DATA BLOCK:
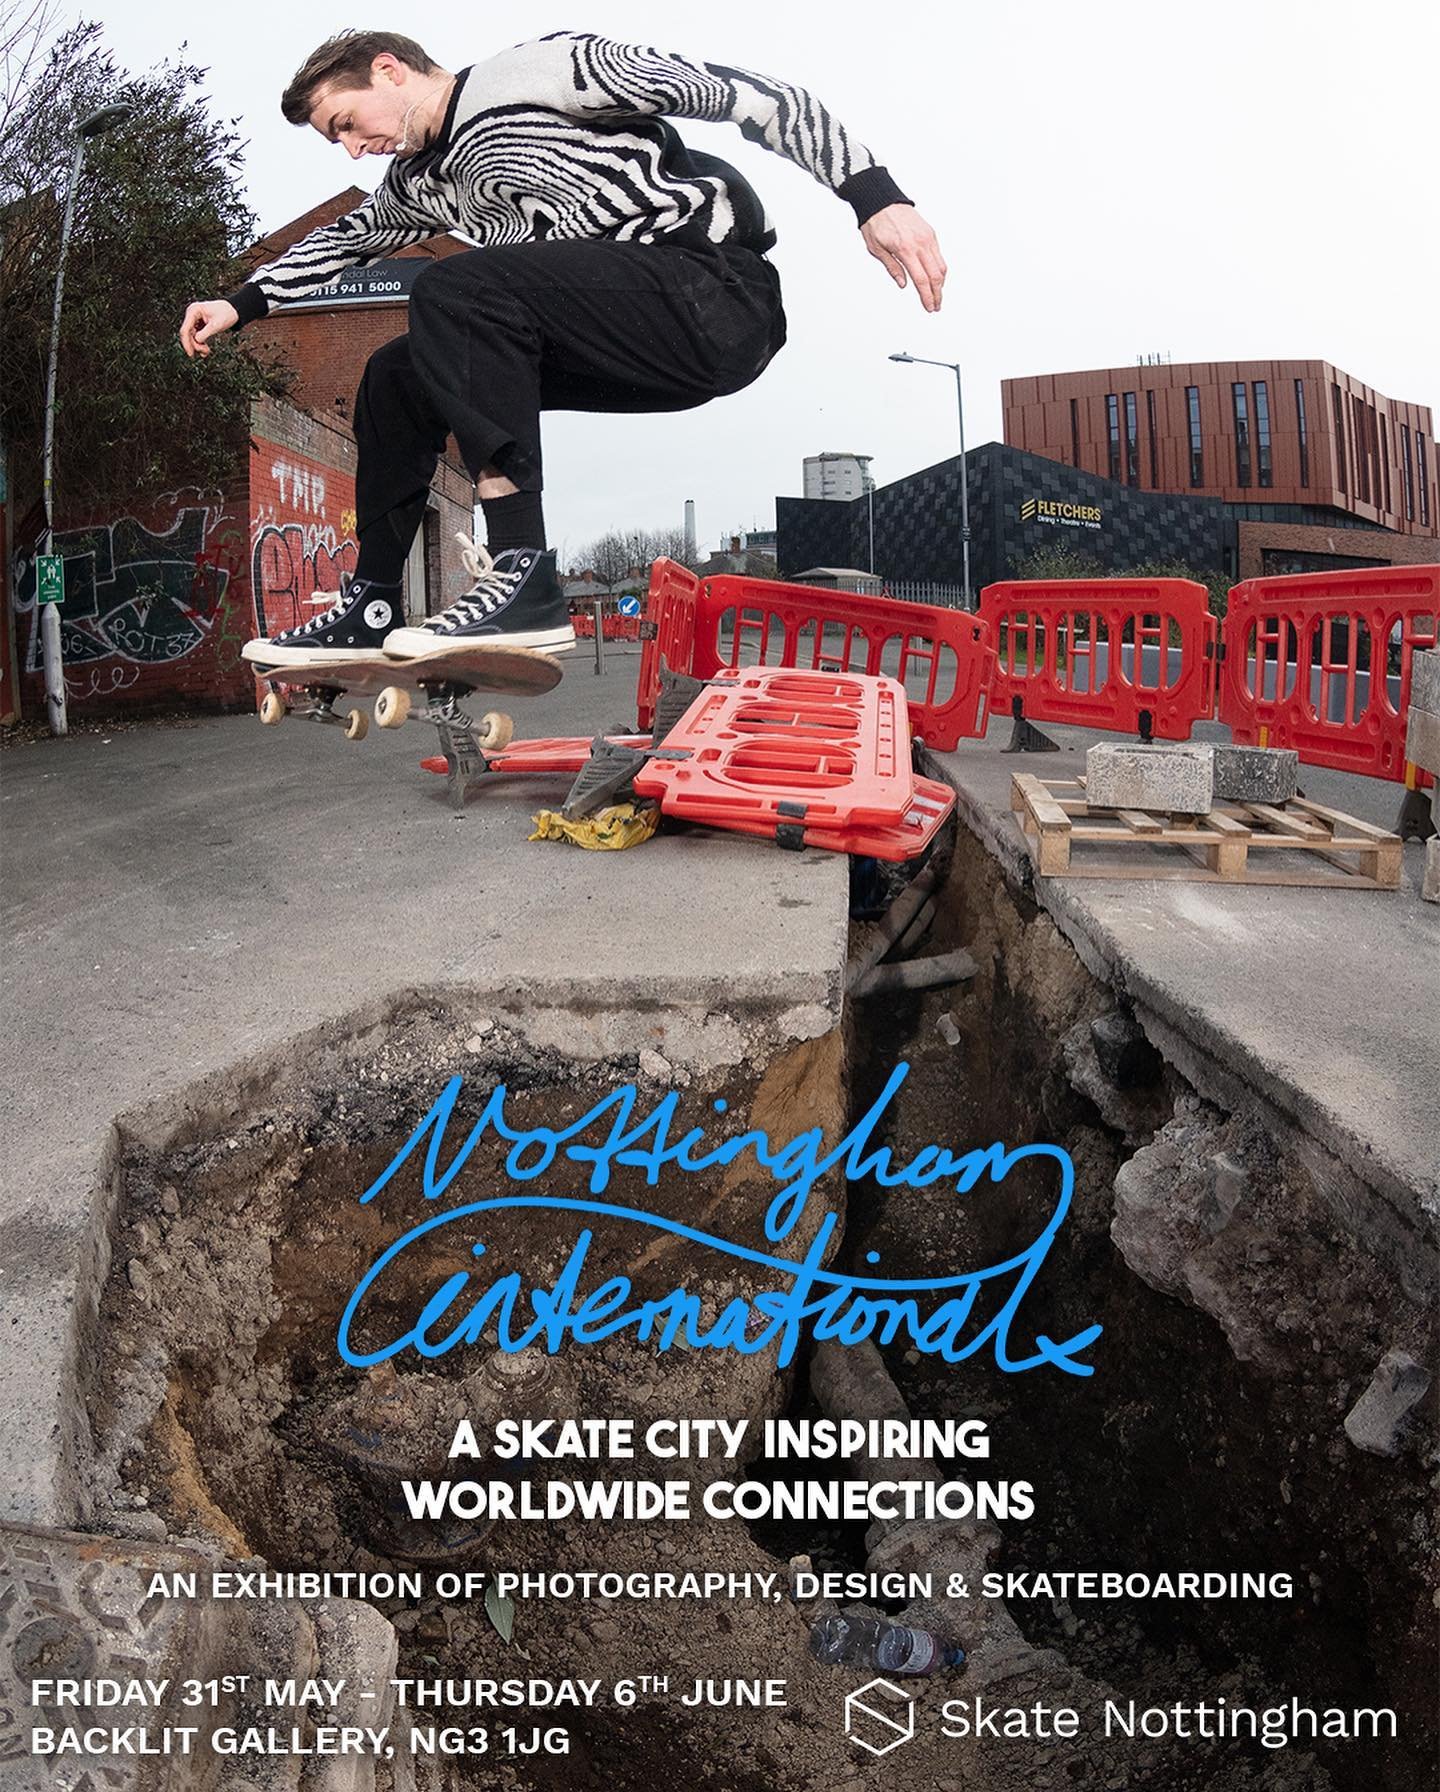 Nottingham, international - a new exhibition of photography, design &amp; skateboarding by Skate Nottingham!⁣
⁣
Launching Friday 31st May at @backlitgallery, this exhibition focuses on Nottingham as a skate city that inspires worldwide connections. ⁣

WHAT IS NEEDED: Leaving every picture out, repeat each line of the material exactly.

RESULT OF THE TASK:
 Nottingham, international - a new exhibition of photography, design &amp; skateboarding by Skate Nottingham!⁣
⁣
Launching Friday 31st May at @backlitgallery, this exhibition focuses on Nottingham as a skate city that inspires worldwide connections. ⁣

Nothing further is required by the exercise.